What is A Medical Administrative Assistant?

Administrative Assisting3 Comments

Career Step provides a quick look at the role of Medical Administrative Assistants.
You are enrolled or considering enrolling in a course that will train you to become a great medical administrative assistant (MAA). As you take this step it is important to know exactly what an MAA is and does.

Most have heard of a medical assistant who takes you back to see the doctor, draws blood, or gives shots, and others have heard of an administrative assistant, but when you put the two of these together, you get a medical administrative assistant (which we will refer to as MAA from here on out because it is such a long name!) Other titles for this position include medical receptionist, medical secretary, medical office administrator, front desk secretary, medical office secretary, medical office assistant, medical front office clerk, or medical scheduler. You could also switch out “medical” for “hospital” or “dental” for any of these titles. As you can see, there are many different positions and titles you may apply for. Although there are many names, most have the same or similar responsibilities. We hope our course will prepare you to be successful in each one.

As an MAA, you will have a wide variety of responsibilities depending on what type of office you work in and the individual office practices. Most MAAs perform routine administrative and clinical tasks to help keep a physicians’ office or clinic running efficiently. You might review and reply to correspondence, coordinate collections, prepare reports, keep records, answer calls, schedule appointments, greet patients, maintain files, update patient charts, transcribe dictation, order supplies,  and help with insurance and billing. You must also know basic office duties, such as faxing, printing, and copying.

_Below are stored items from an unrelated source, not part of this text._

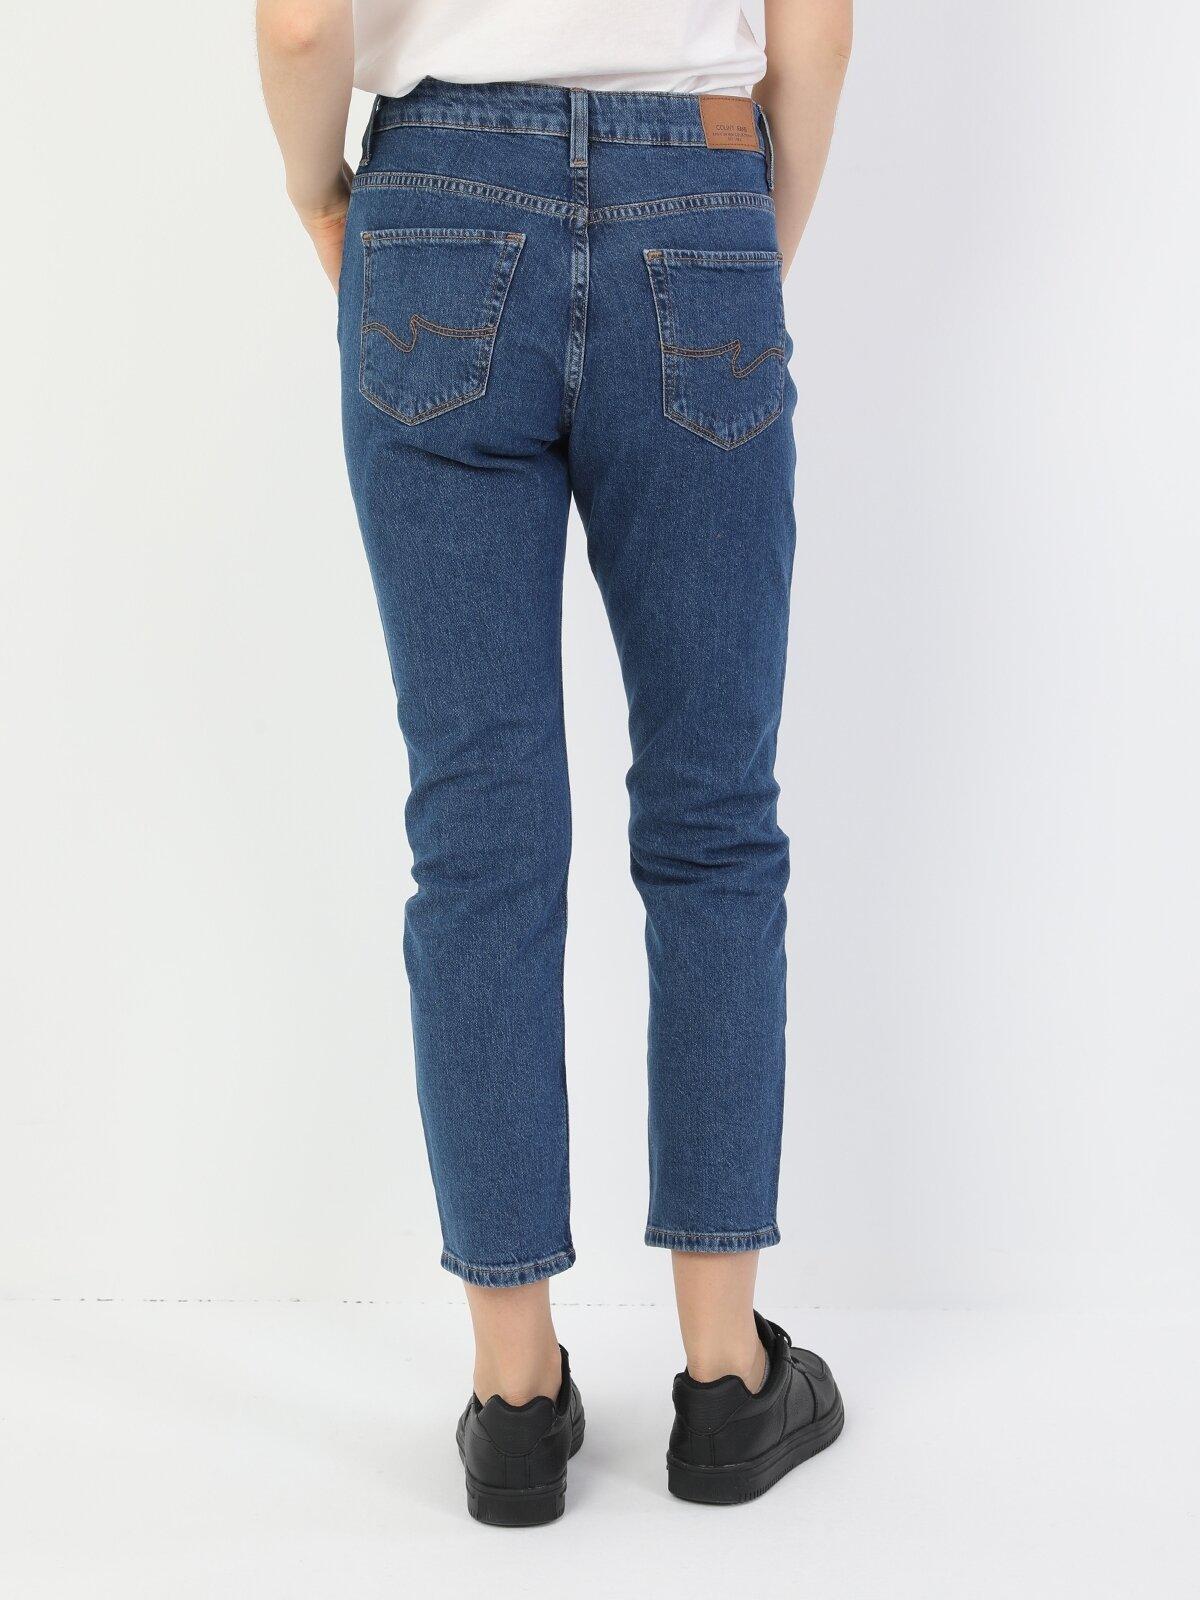 891 Maya Orta Bel Daralan Paça Slim Fit Mavi Kadın Jean Pantolon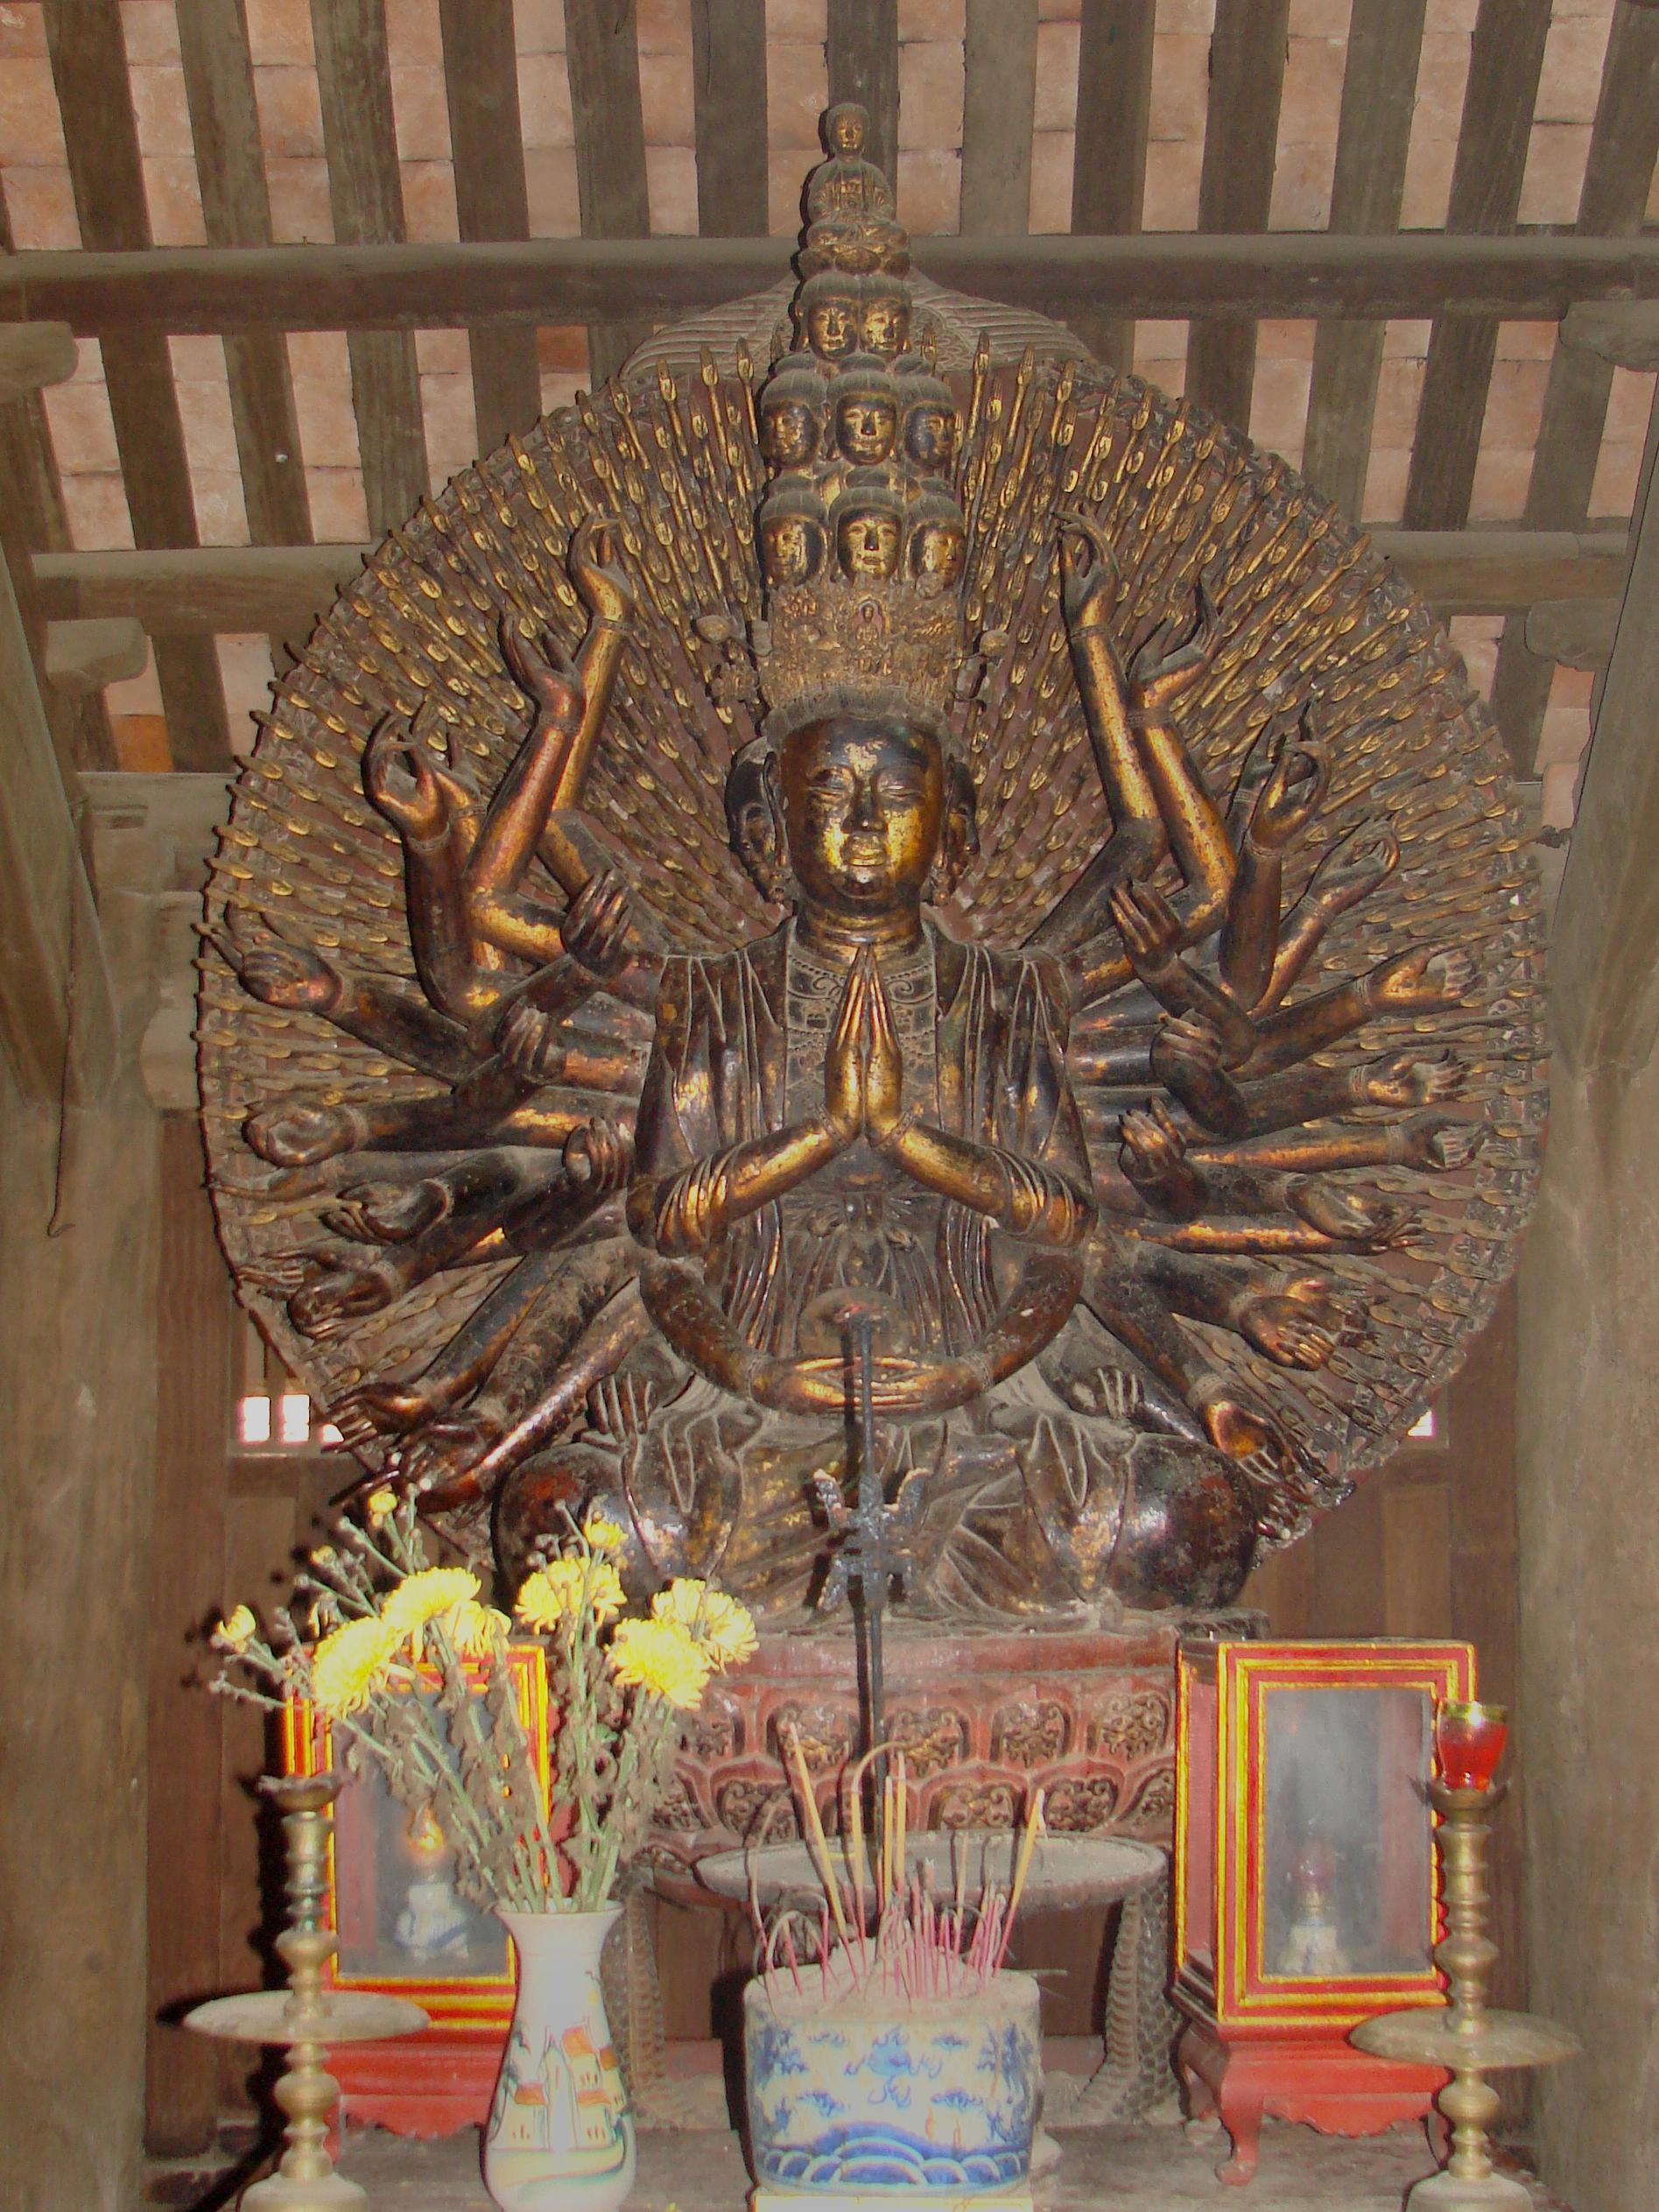 https://upload.wikimedia.org/wikipedia/commons/7/76/La_statue_de_Quan_Am_dans_la_pagode_But_Thap.jpg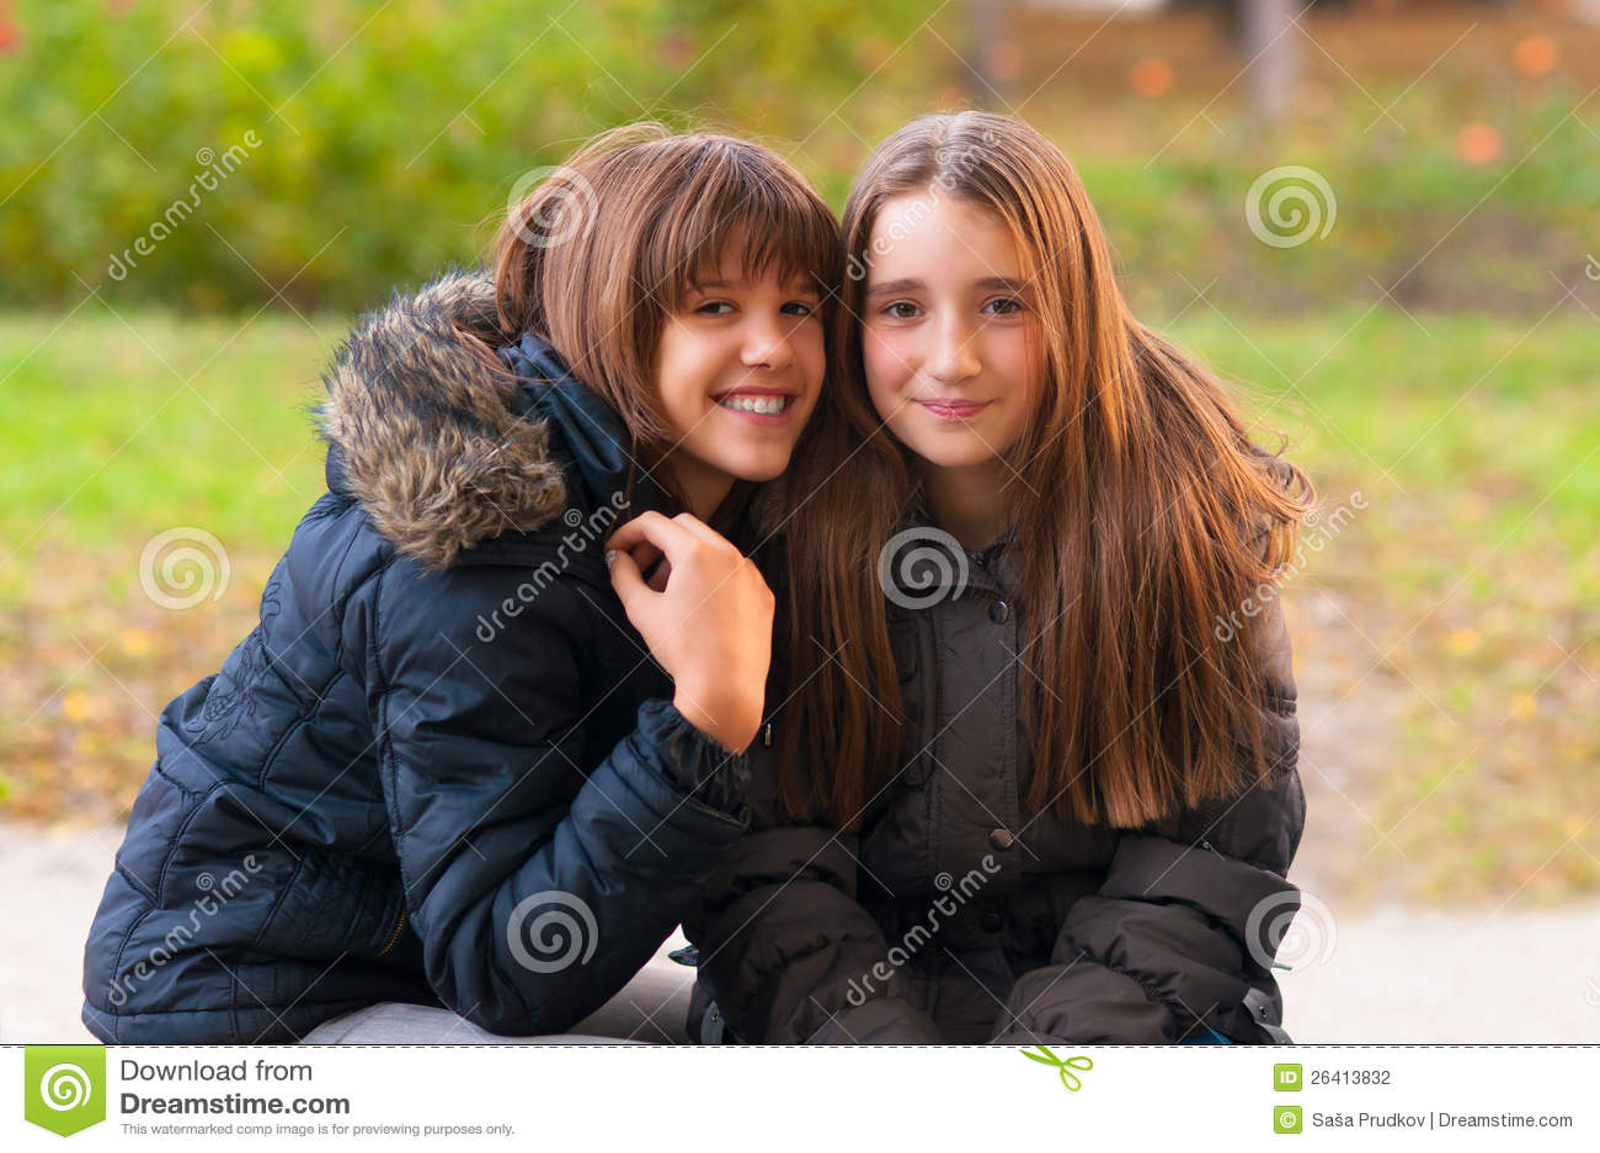 2 girls having fun in shower long hair hair 9

As an MAA, you will often be the first point of contact for patients or clients, so it is important to be professional, friendly, and efficient. A good medical administrative assistant is very valuable. You will want to maintain a well-organized, clean, and efficient office. If not well-maintained, patients may lose their confidence in the medical office, staff, and doctors, and they may seek care elsewhere. It is often the MAAs’ responsibility (among many other duties of a medical assistant) to create and maintain a welcoming environment and to ensure that patients have a good experience from the moment they enter the office.

A career as a medical administrative assistant can be very fulfilling! If this sounds like what you are looking for, you are headed in the right direction!

Leave a comment below »

  1. michelle November 15, 2012

    i just enrolled this. i hope my brain can take this course….

  2. Hannah wright April 07, 2014

    Very interested in this and looking for a good school to go to for this, hope this can help me out smile

  3. Career Step April 09, 2014

    Hi Hannah,

    I’ve passed your information on to our Academic Advisors and someone should be contacting you shortly to provide more information about our Medical Administrative Assistant training.

    Best wishes!

  4. Genesis July 11, 2015

    I was wondering if medical administrative assistants have to wear scrubs ?

    I was a to work in the medical field but not much interactions with patients?

  5. Instructor Craig Laursen July 14, 2015

    Some clinics will have their front desk personnel wear scrubs but not all of them. Dress code really depends on the office you work in.
    You will likely interact with patients - scheduling appointments, preparing and explaining forms, collecting copays - the interaction will NOT be clinical, however. Your scope of practice will be administrative rather than working directly with patients health issues.

  6. Marla Gould December 08, 2015

    I am in my first semester of MAA and my only problem is I do not know how to do certain lessons on the computer. My next step was and is to take free classes at my public library which I do every Saturday. If it is the last thing I do on this Earth I am going to learn this and be proud to greet my patients as well as help the Doctor take care of them.